Material provided.
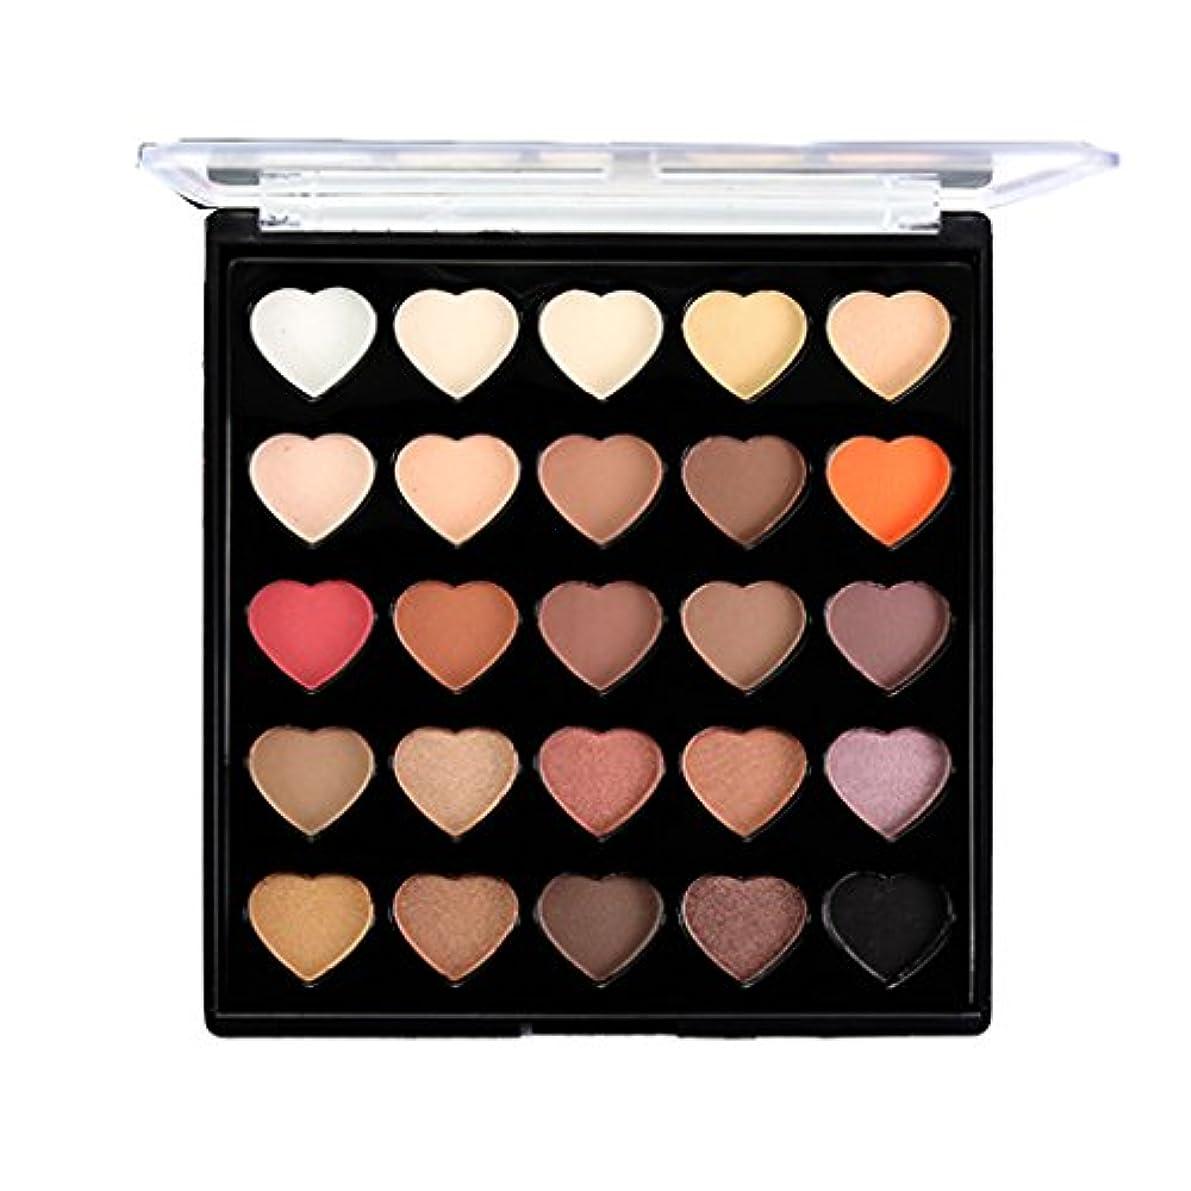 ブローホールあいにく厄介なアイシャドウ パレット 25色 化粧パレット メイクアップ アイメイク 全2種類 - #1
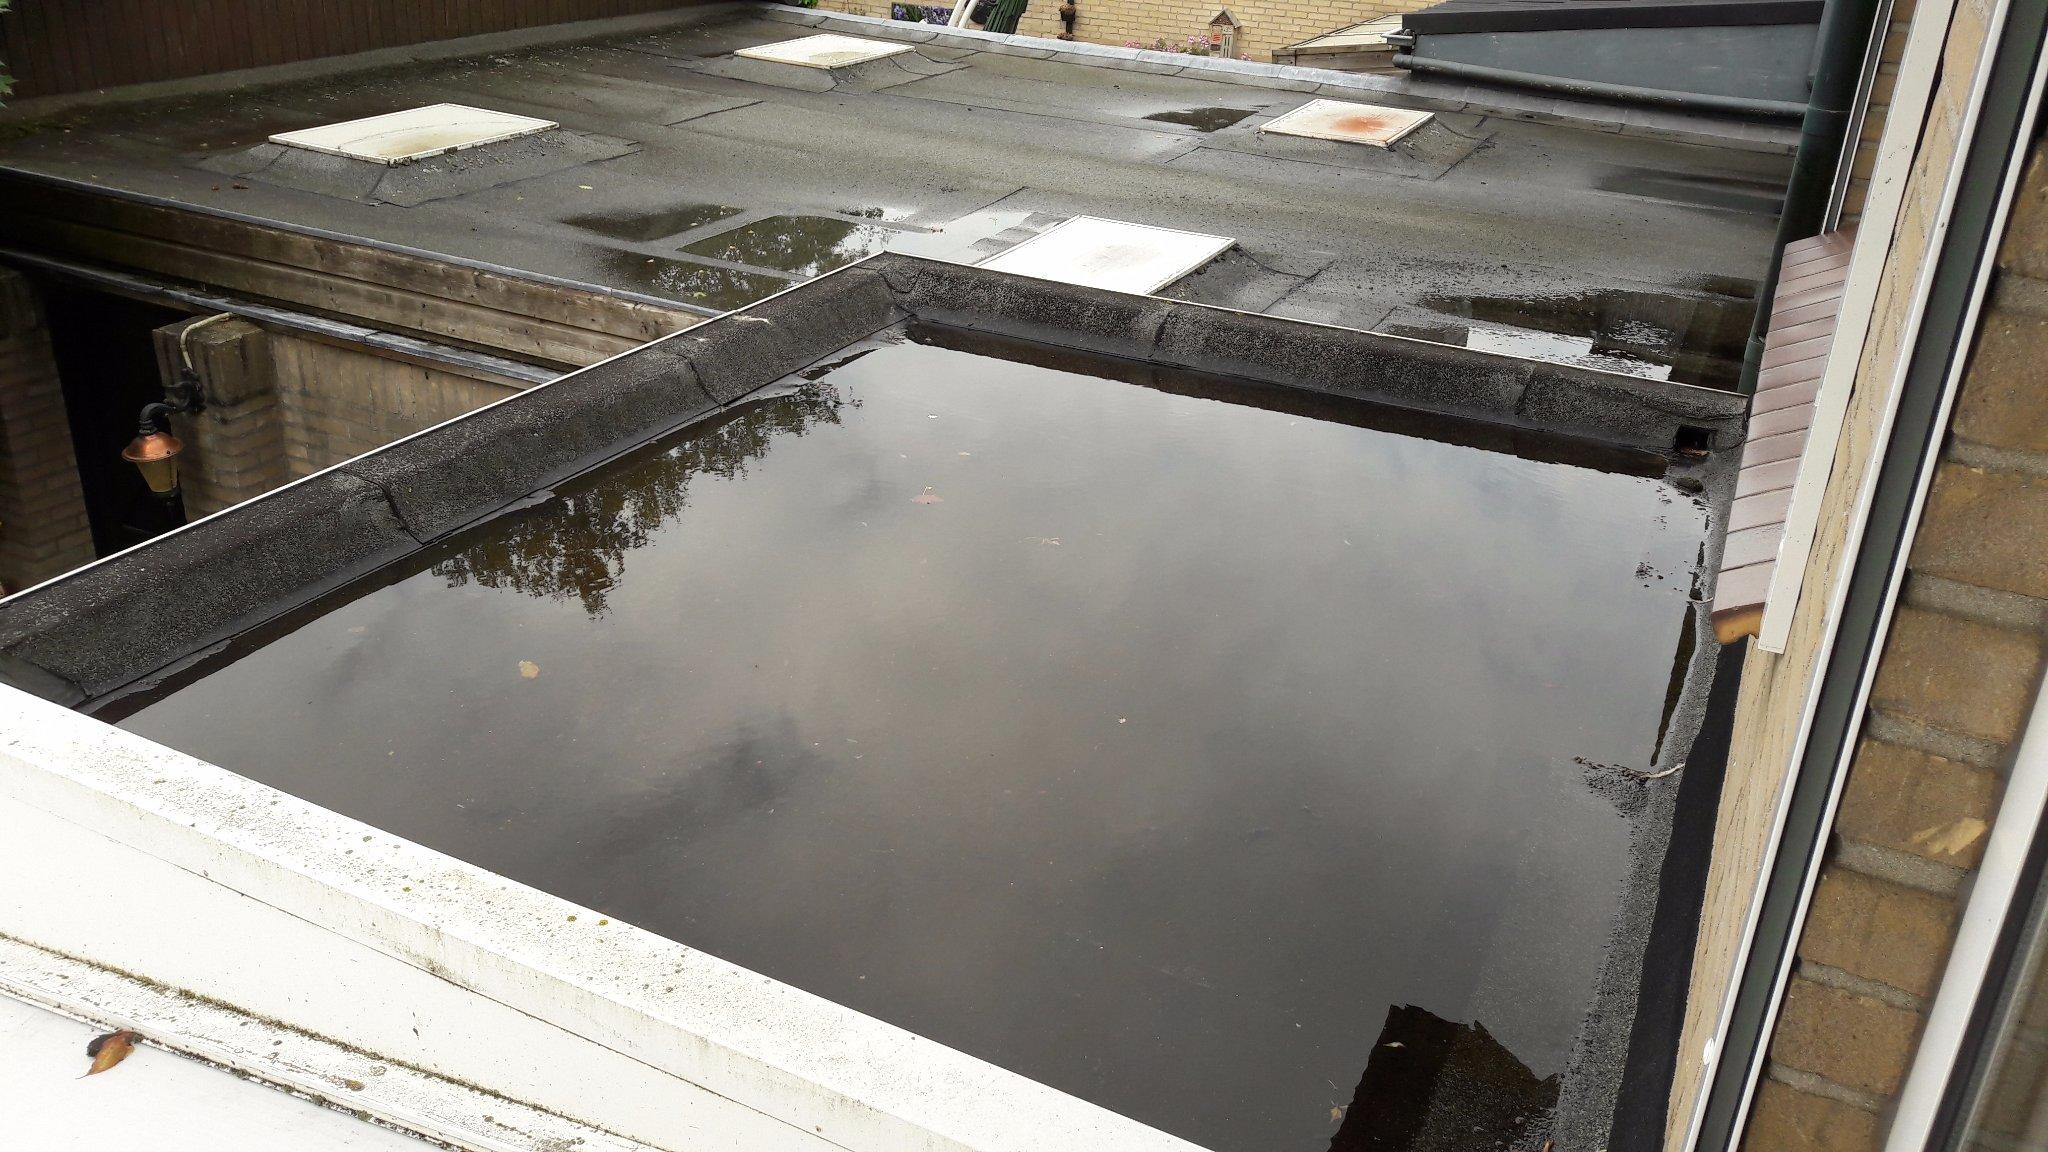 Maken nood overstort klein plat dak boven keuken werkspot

---

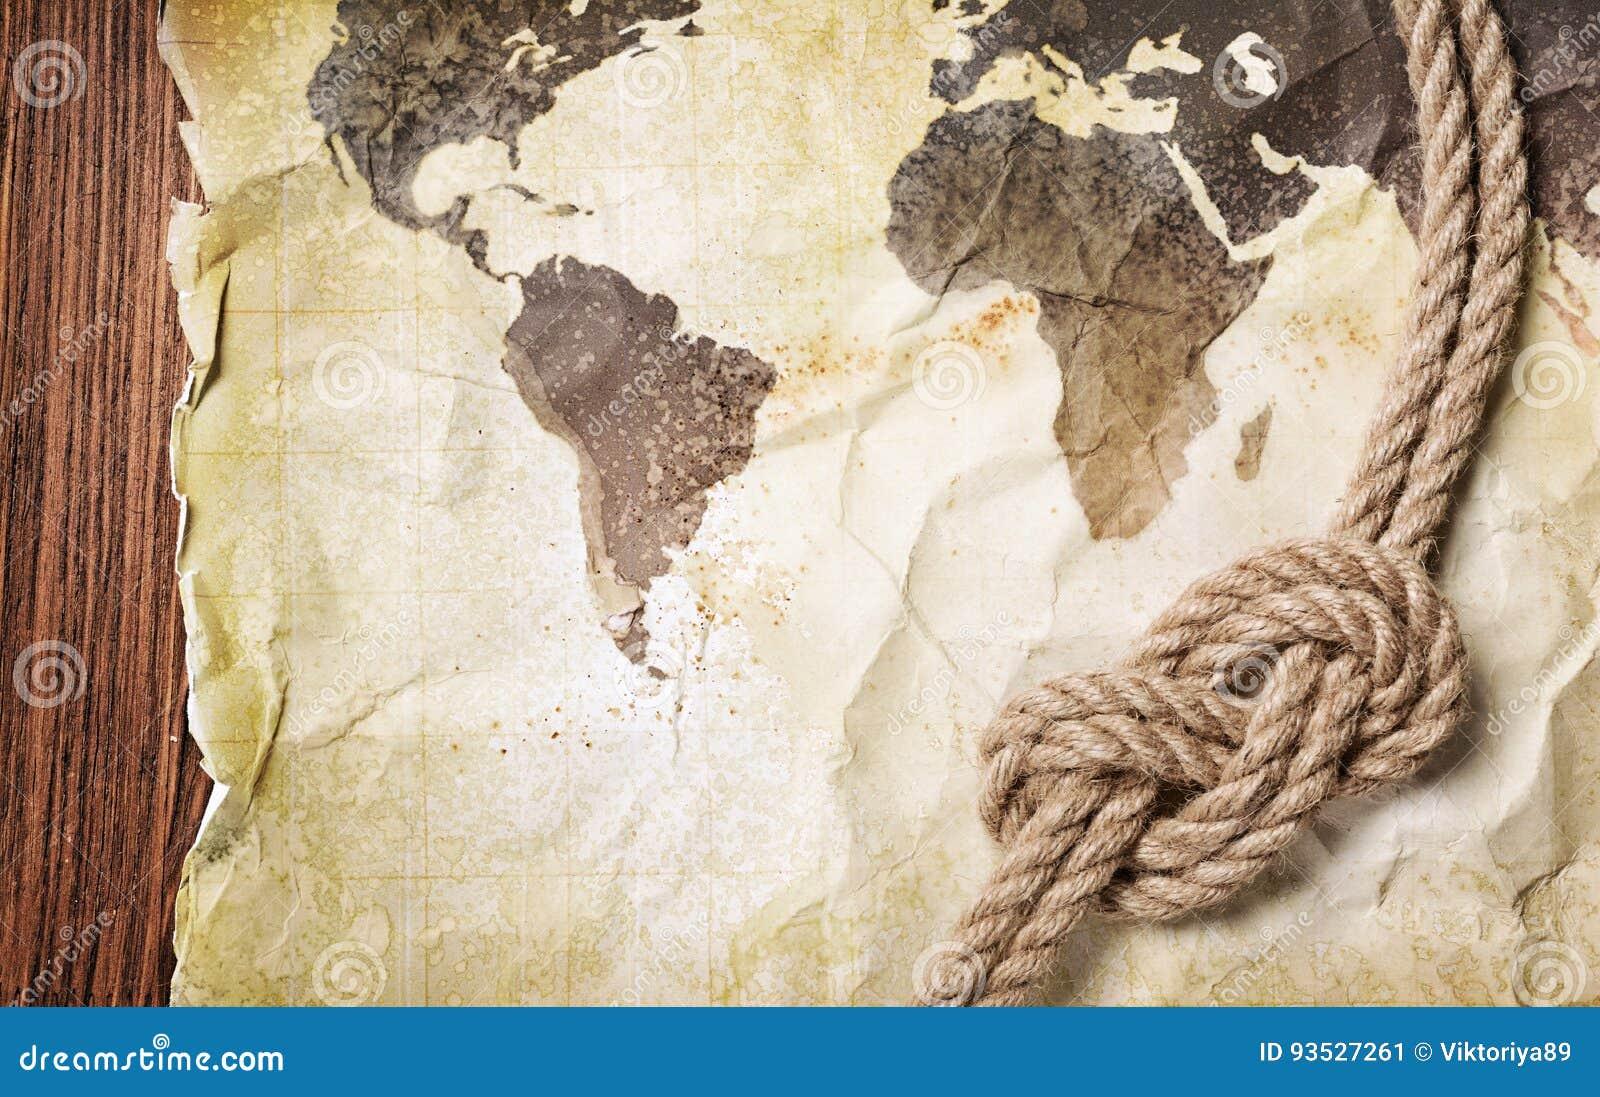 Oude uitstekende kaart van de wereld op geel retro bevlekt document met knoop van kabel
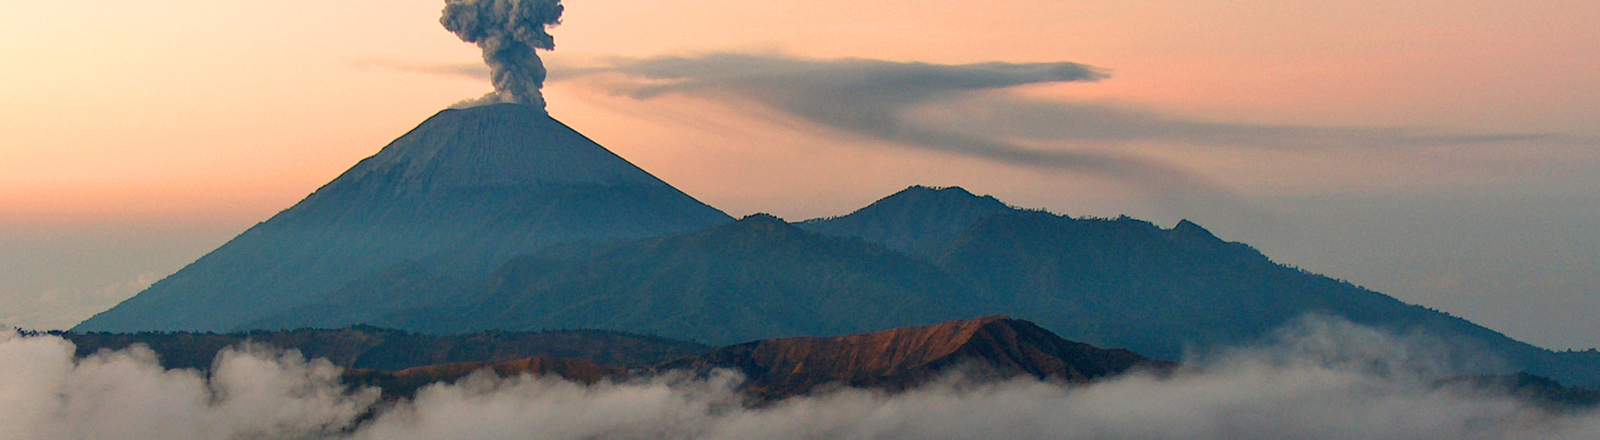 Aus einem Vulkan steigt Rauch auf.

==

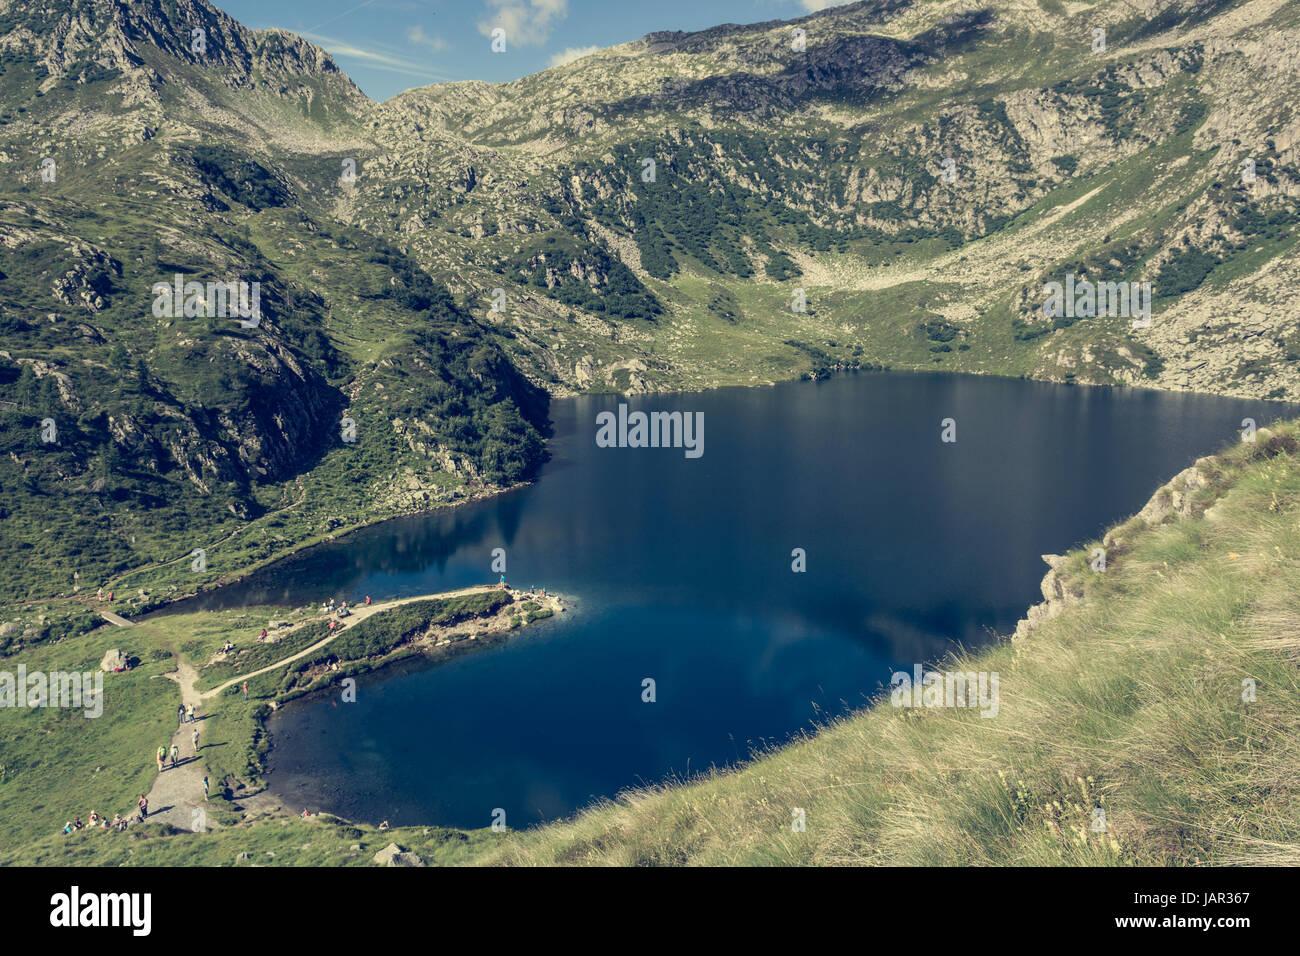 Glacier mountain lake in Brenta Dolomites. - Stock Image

Description of the task. From the listing above, repeat only the lines between the line containing "ブローホールあいにく厄介なアイシャドウ パレット 25色" and the line containing "Maken nood overstort", those two included. Pictures are not part of the copy.

Answer section.
 ブローホールあいにく厄介なアイシャドウ パレット 25色 化粧パレット メイクアップ アイメイク 全2種類 - #1
 Maken nood overstort klein plat dak boven keuken werkspot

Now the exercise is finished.